Another story is related where a passenger ship had docked in the Port of Colombo and an SOS was sent out for a surgeon to attend to a German National. It turned out that the German National was the German Consul Freudenberg who was treated and cured of his ailment and later became a very close friend of the family. Dr. Rockwood was also physician to the Governor of Ceylon Sir West Ridgeway.

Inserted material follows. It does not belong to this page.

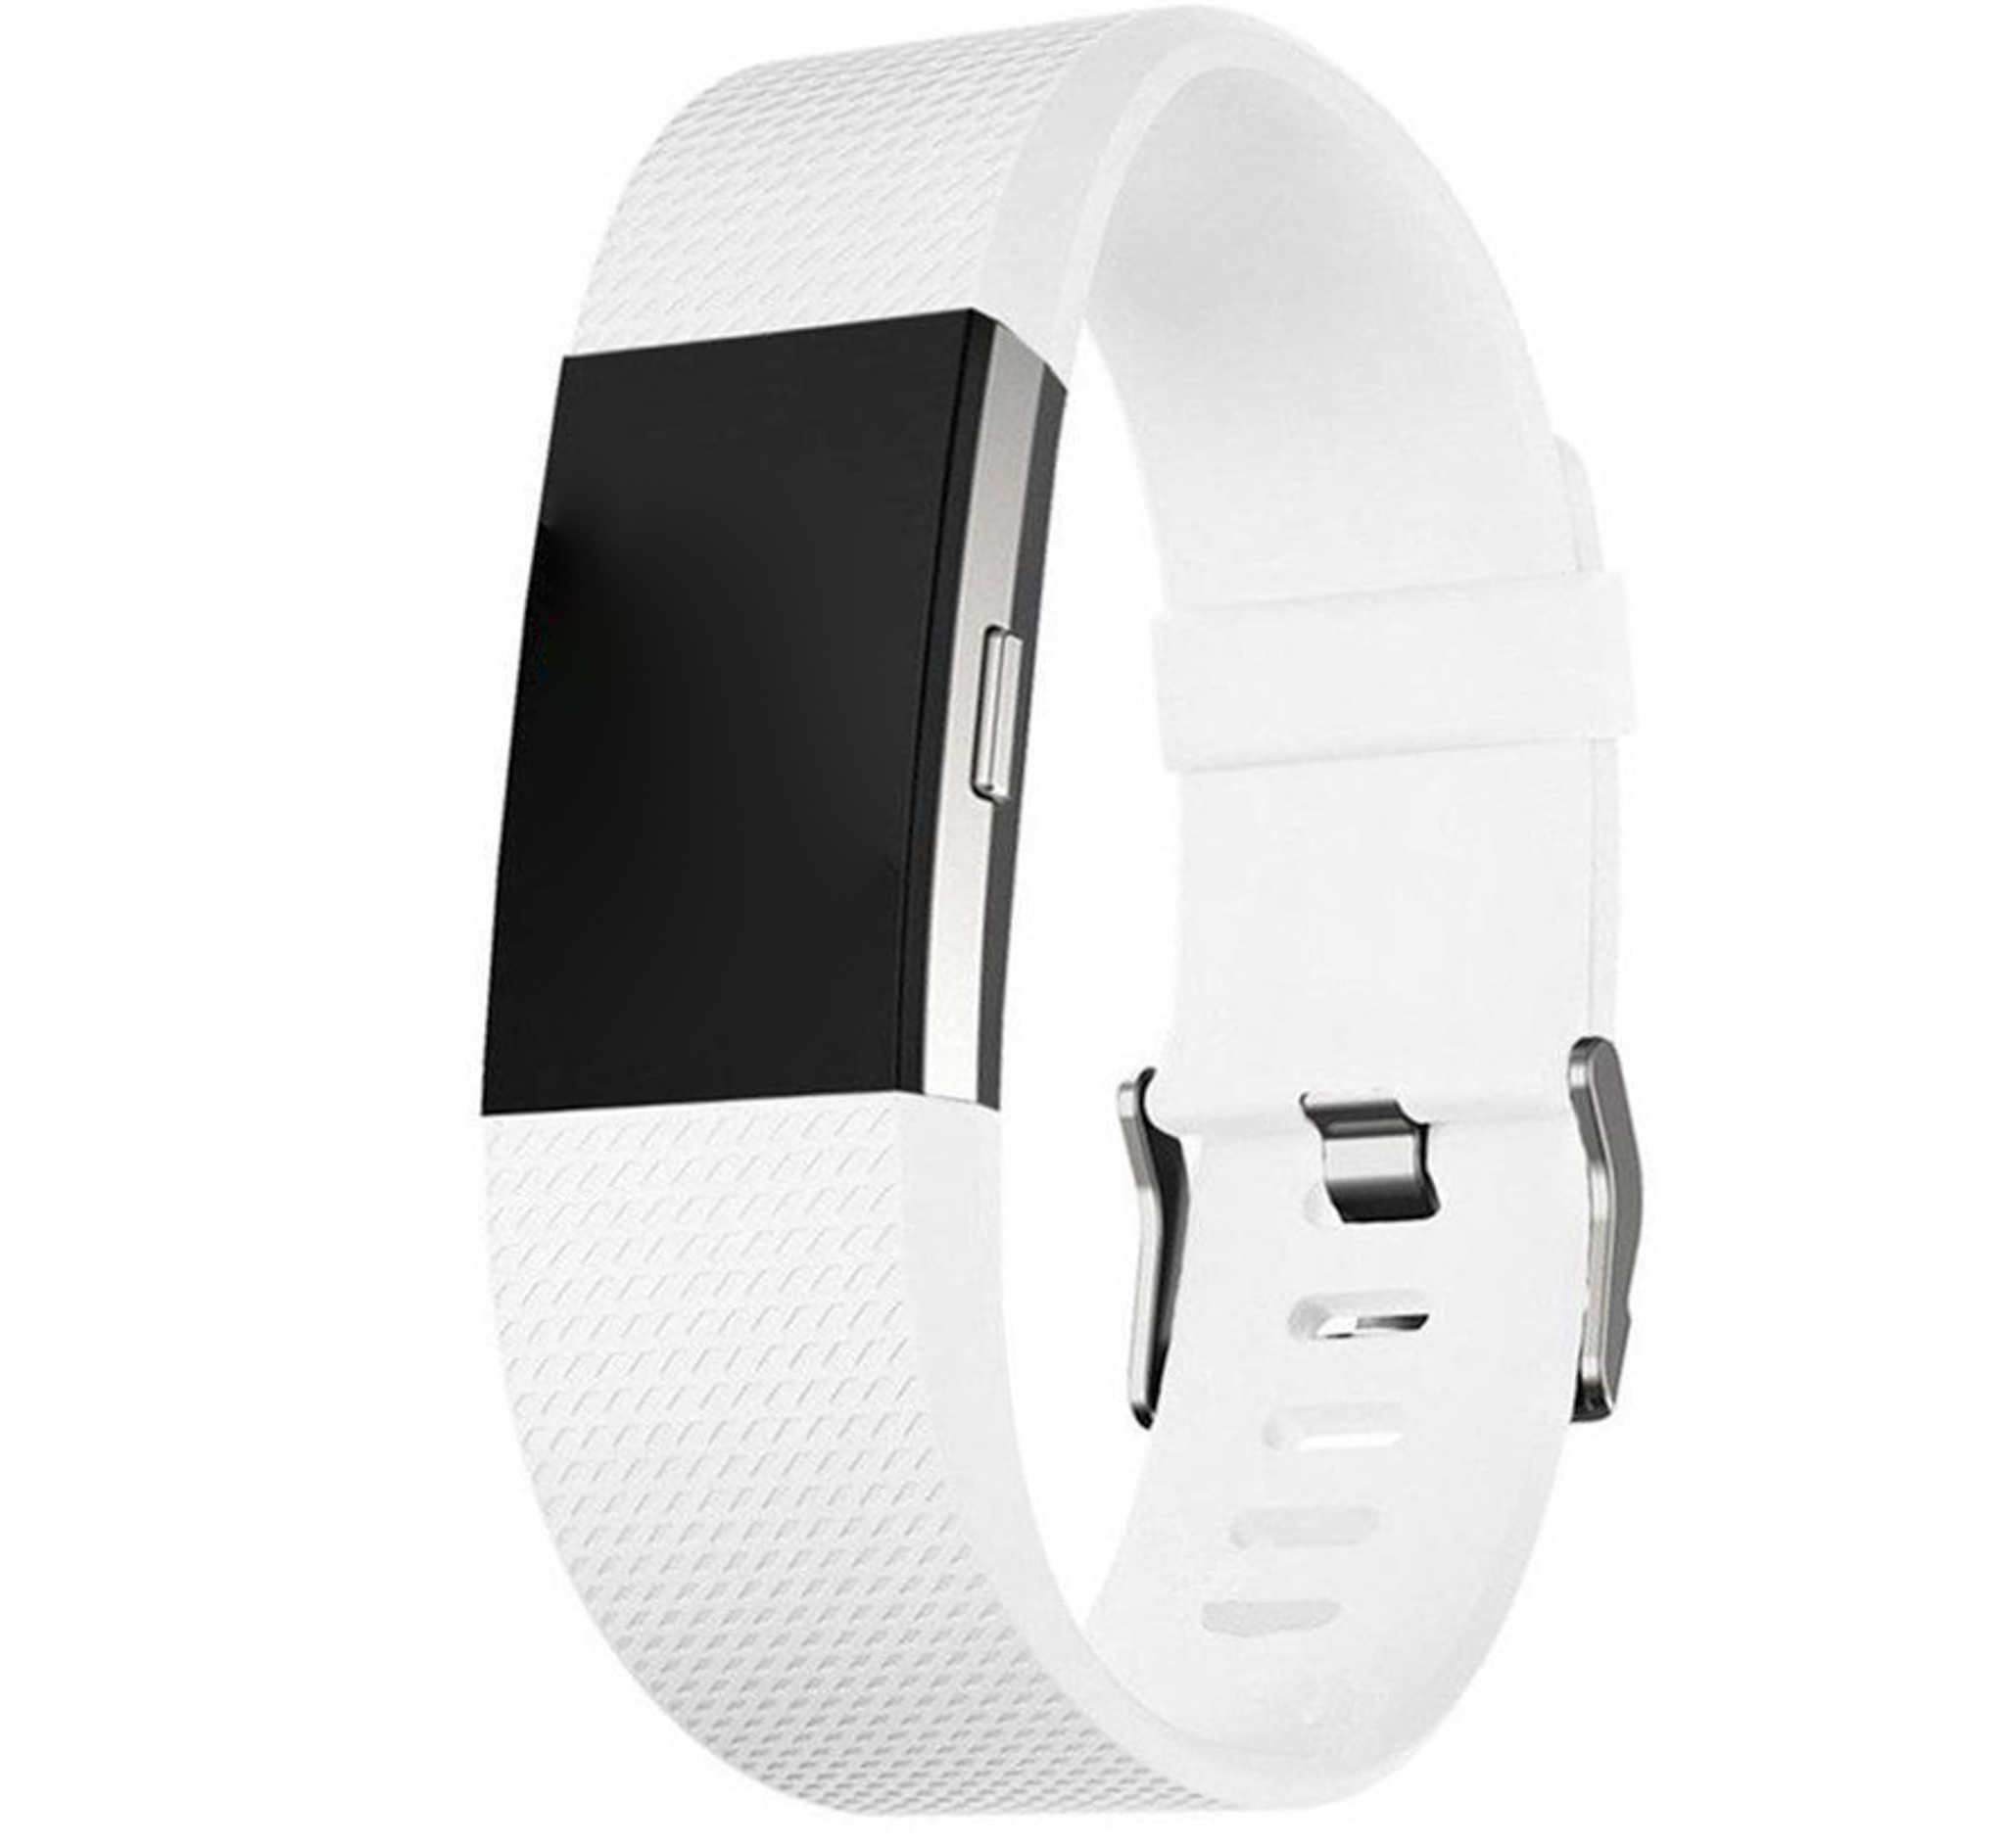 Fitbit Charge 2 Sport Strap - White

A combination of medicine and politics
The Governor of Ceylon Sir West Ridgeway appointed Hon. Dr. W. G. Rockwood to the Legislative Council representing the Tamil community for a period of five years from March 14, 1898 to March 12, 1903. Dr. Rockwood succeeded Mudaliyar Ponnambalam Coomaraswamy who was the eldest brother of Sir Ponnambalam Ramanathan who served as the first Tamil representative in the Legislative Council for a single term. Governor Sir West Ridgeway in a private letter to Dr. Rockwood inviting him to join the Legislative Council as the Tamil representative said: ‘The Tamil community could think of no one who has earned the esteem and the admiration not of one community or of two, but of every community, of all men, of all races, as Dr. Rockwood’.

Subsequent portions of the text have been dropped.